**EXERCISE GOAL:**
The data is to be repeated exactly, with the images removed.

**RECORDED DATA:**
§

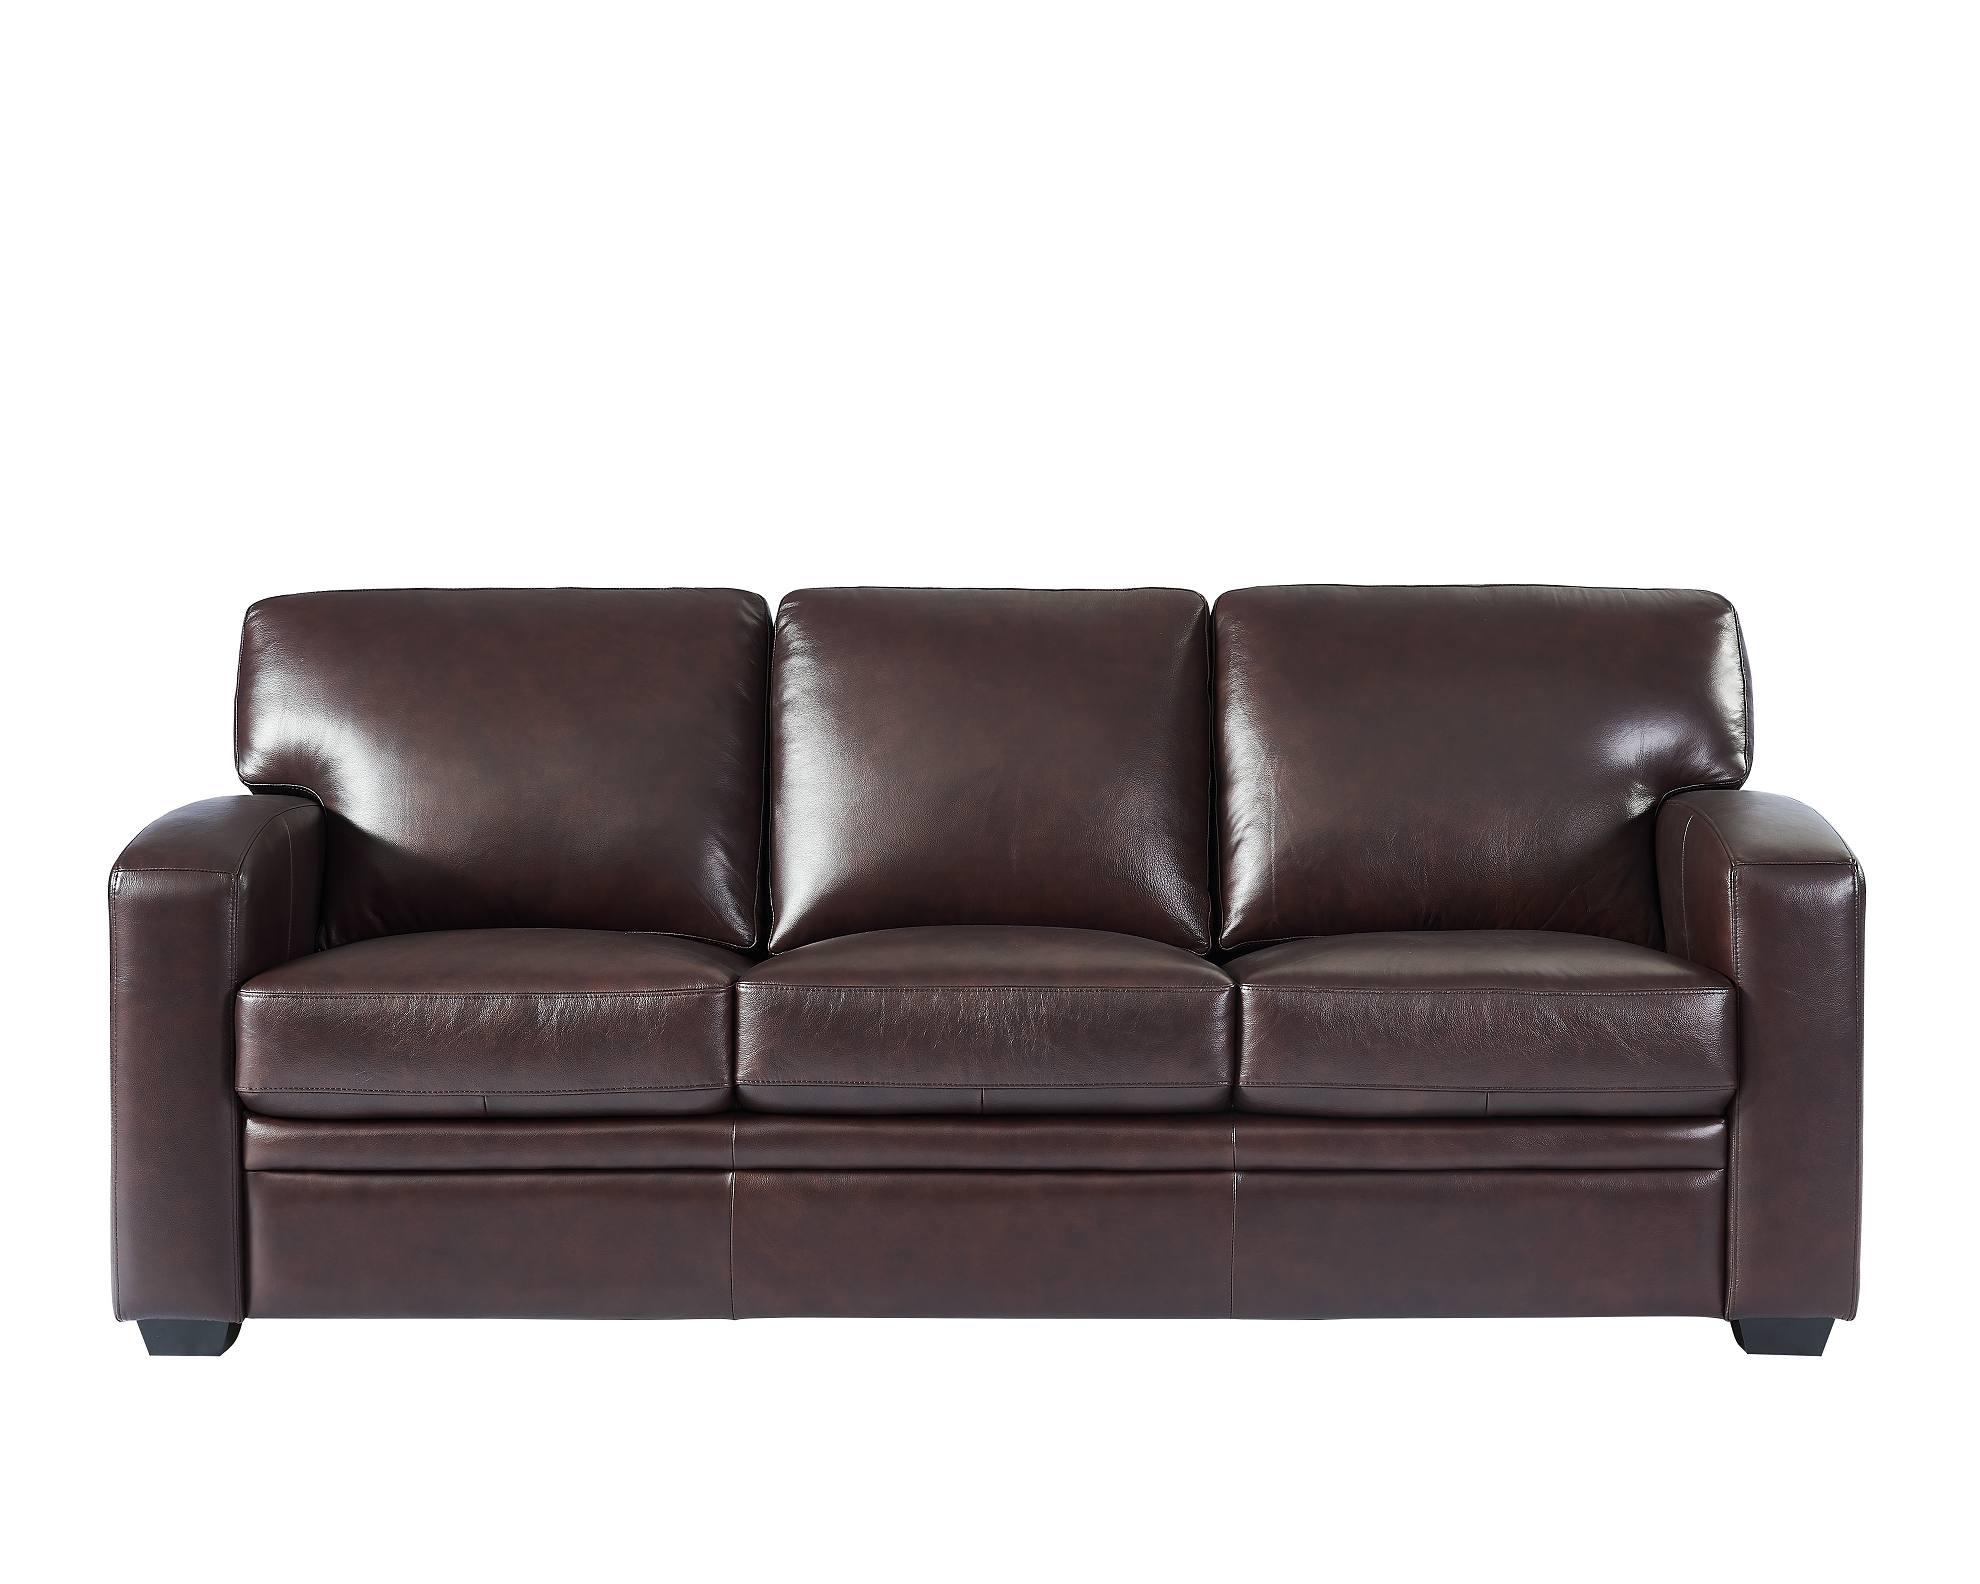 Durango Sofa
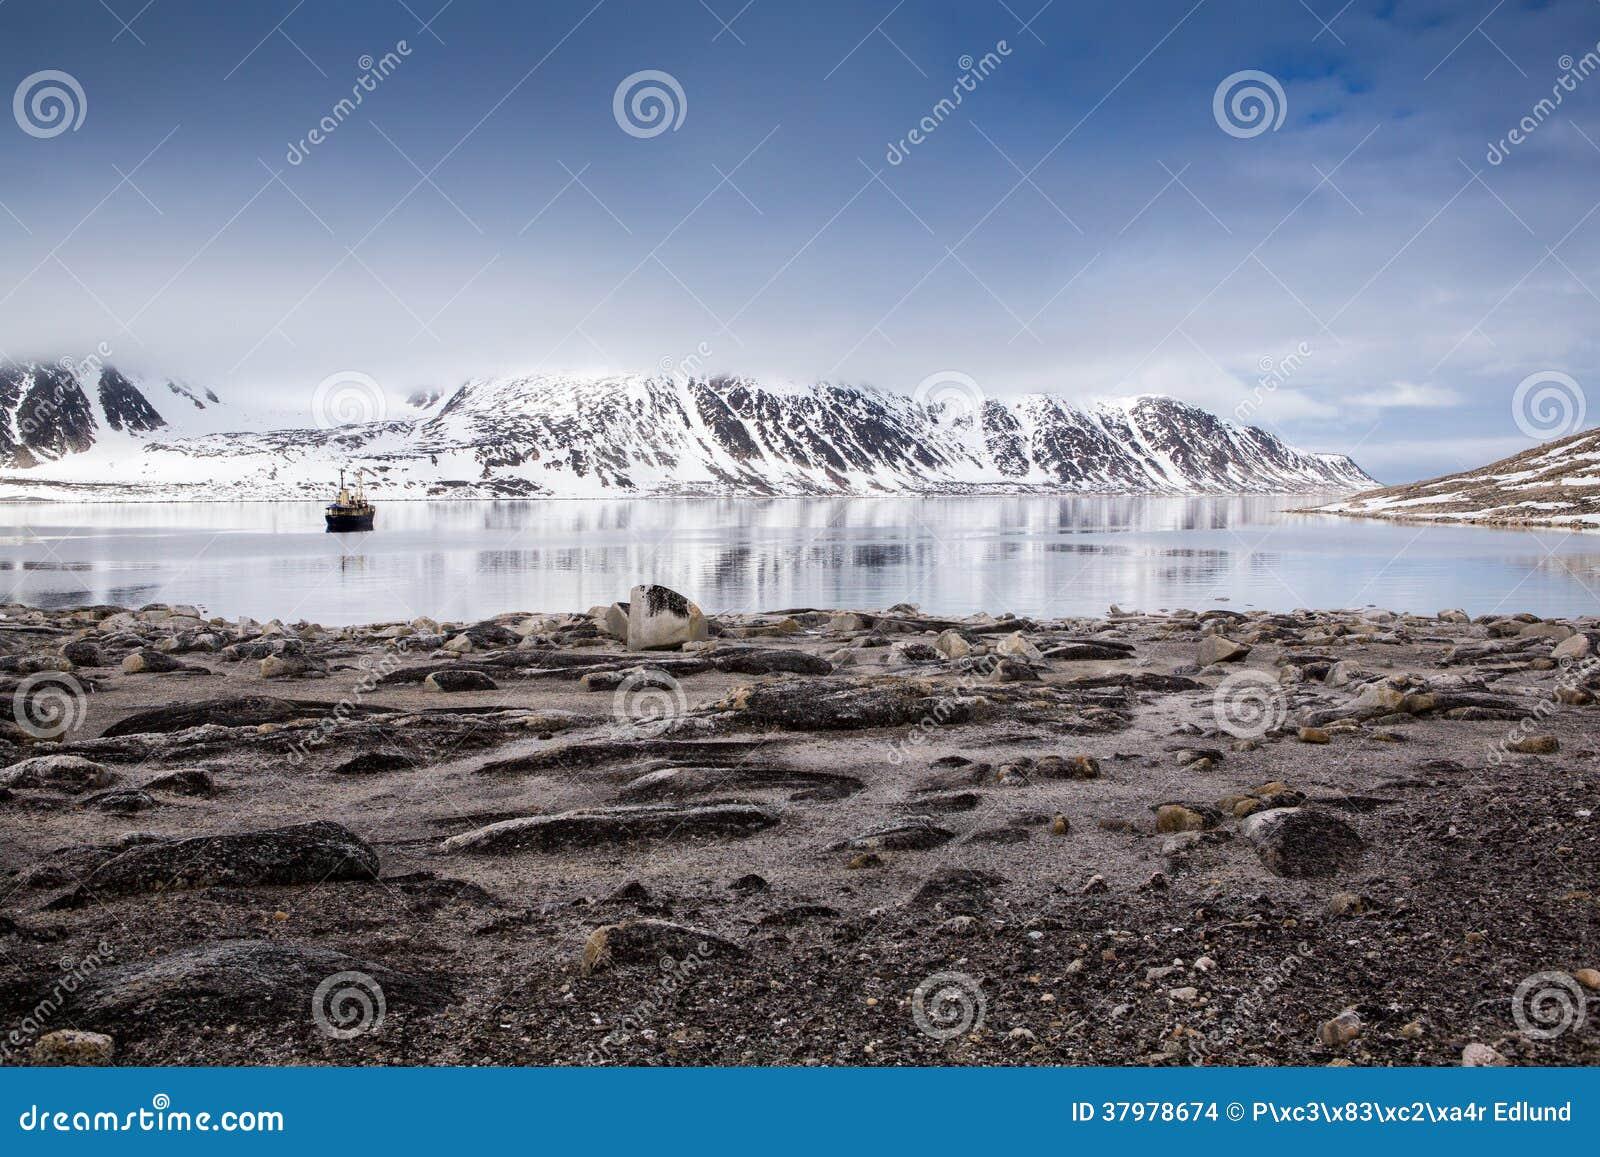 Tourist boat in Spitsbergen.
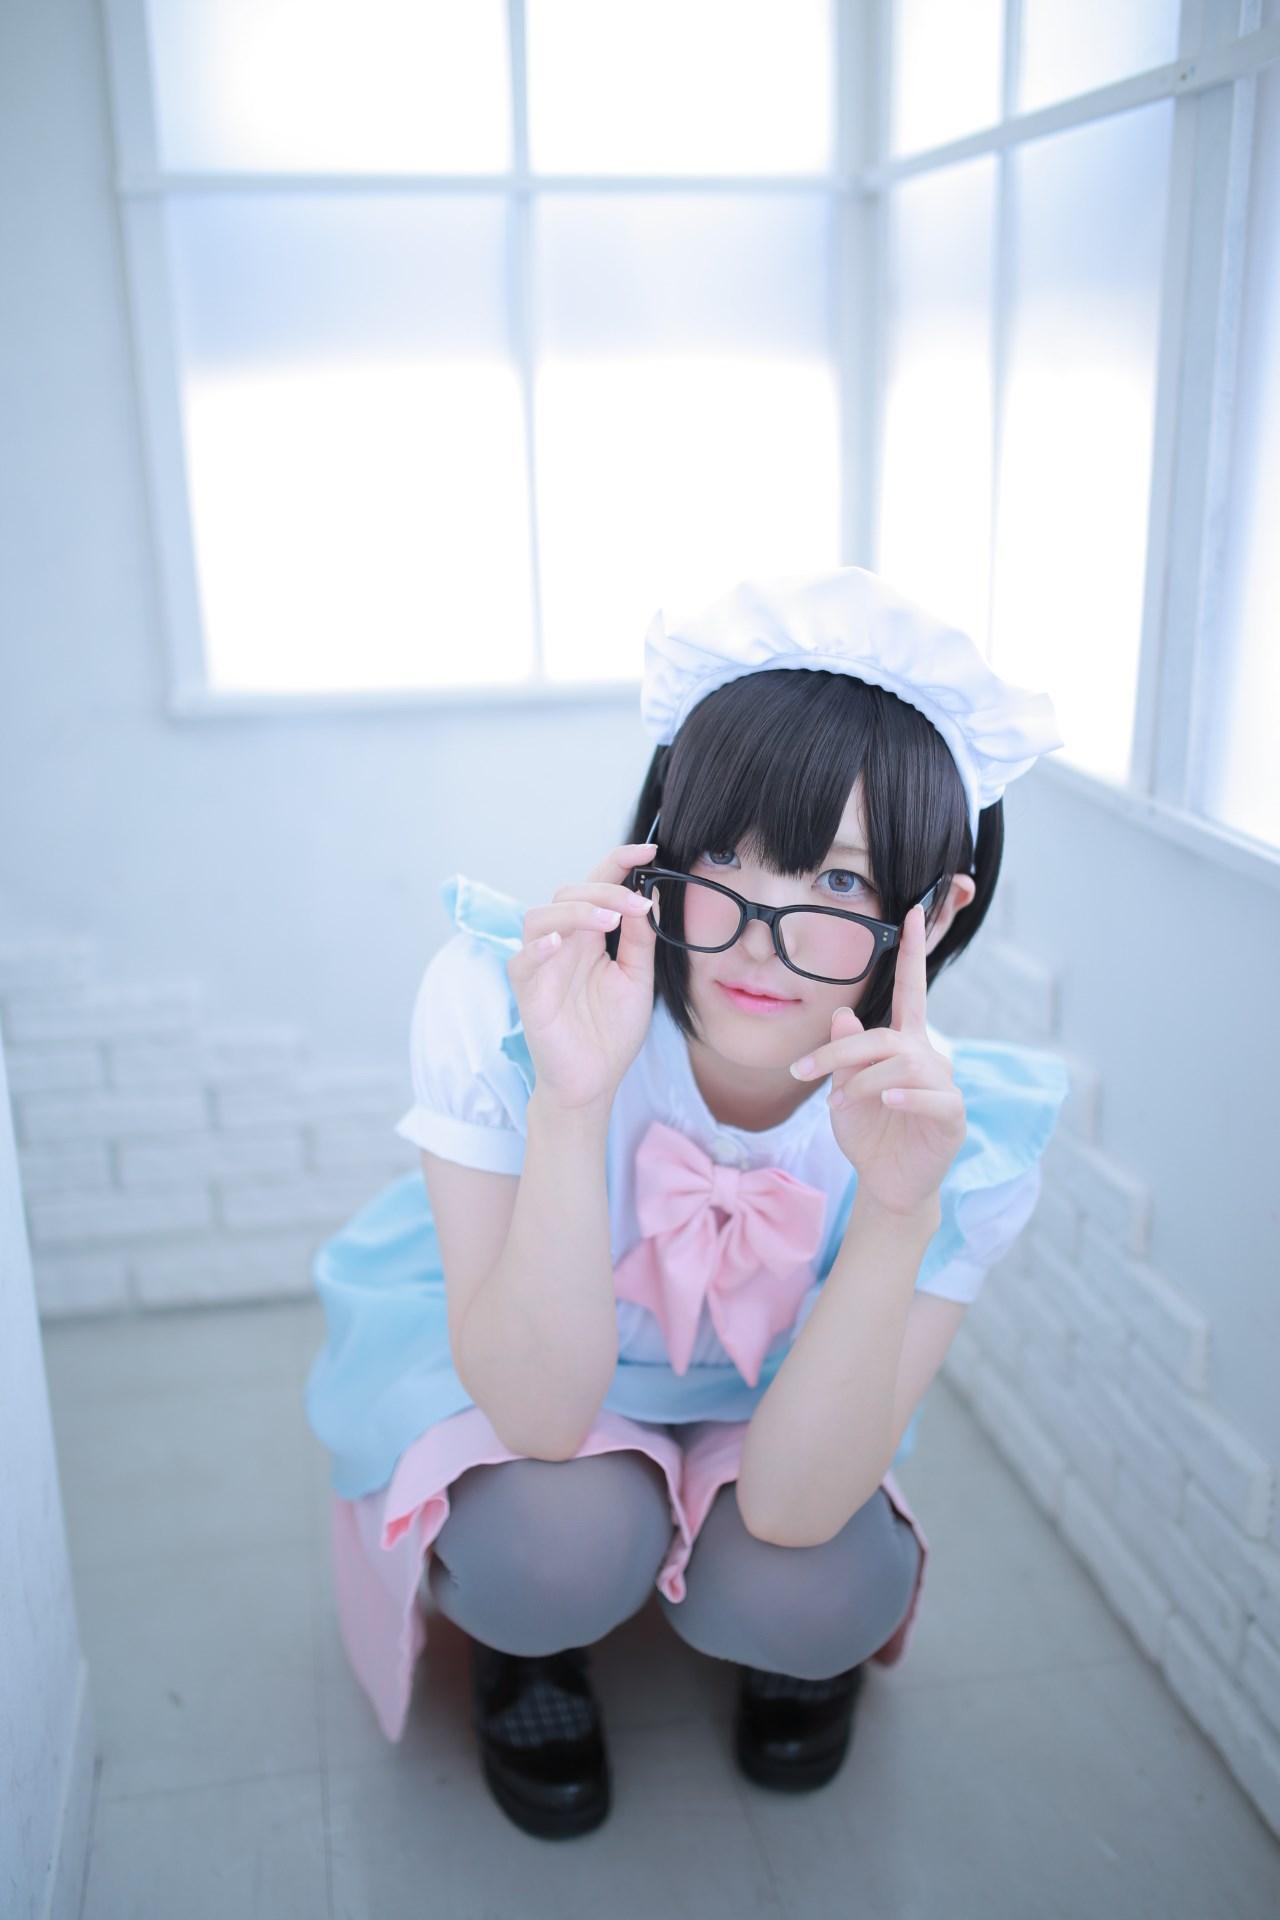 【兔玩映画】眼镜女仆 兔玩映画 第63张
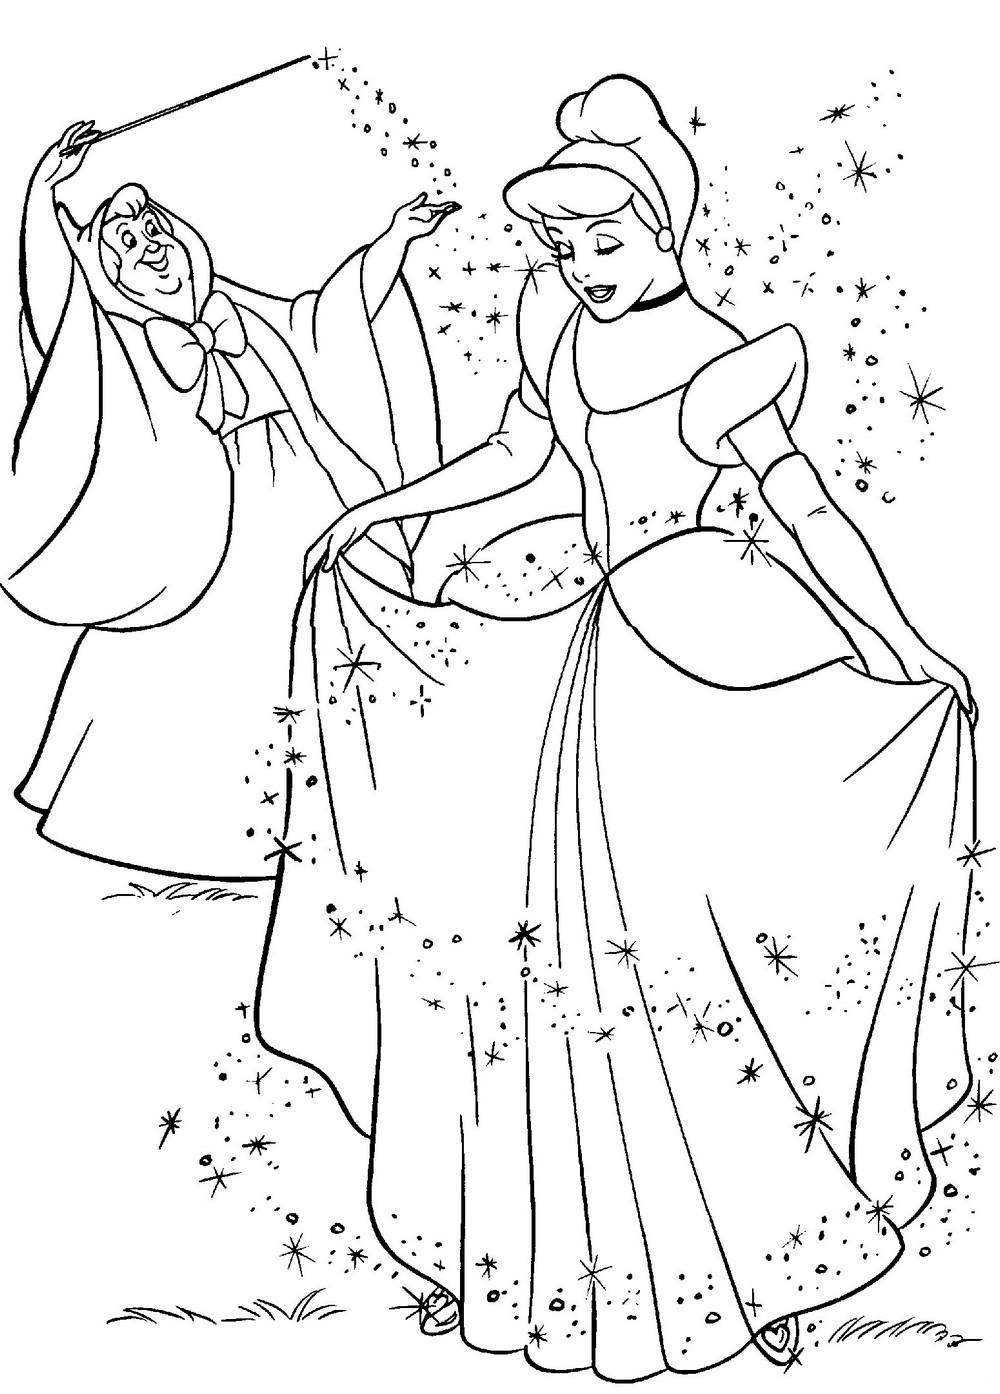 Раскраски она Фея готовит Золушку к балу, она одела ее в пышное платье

§

**YOUR RESPONSE:**
 Durango Sofa
 Tourist boat in Spitsbergen.
 【兔玩映画】眼镜女仆 兔玩映画 第63张
 Раскраски она Фея готовит Золушку к балу, она одела ее в пышное платье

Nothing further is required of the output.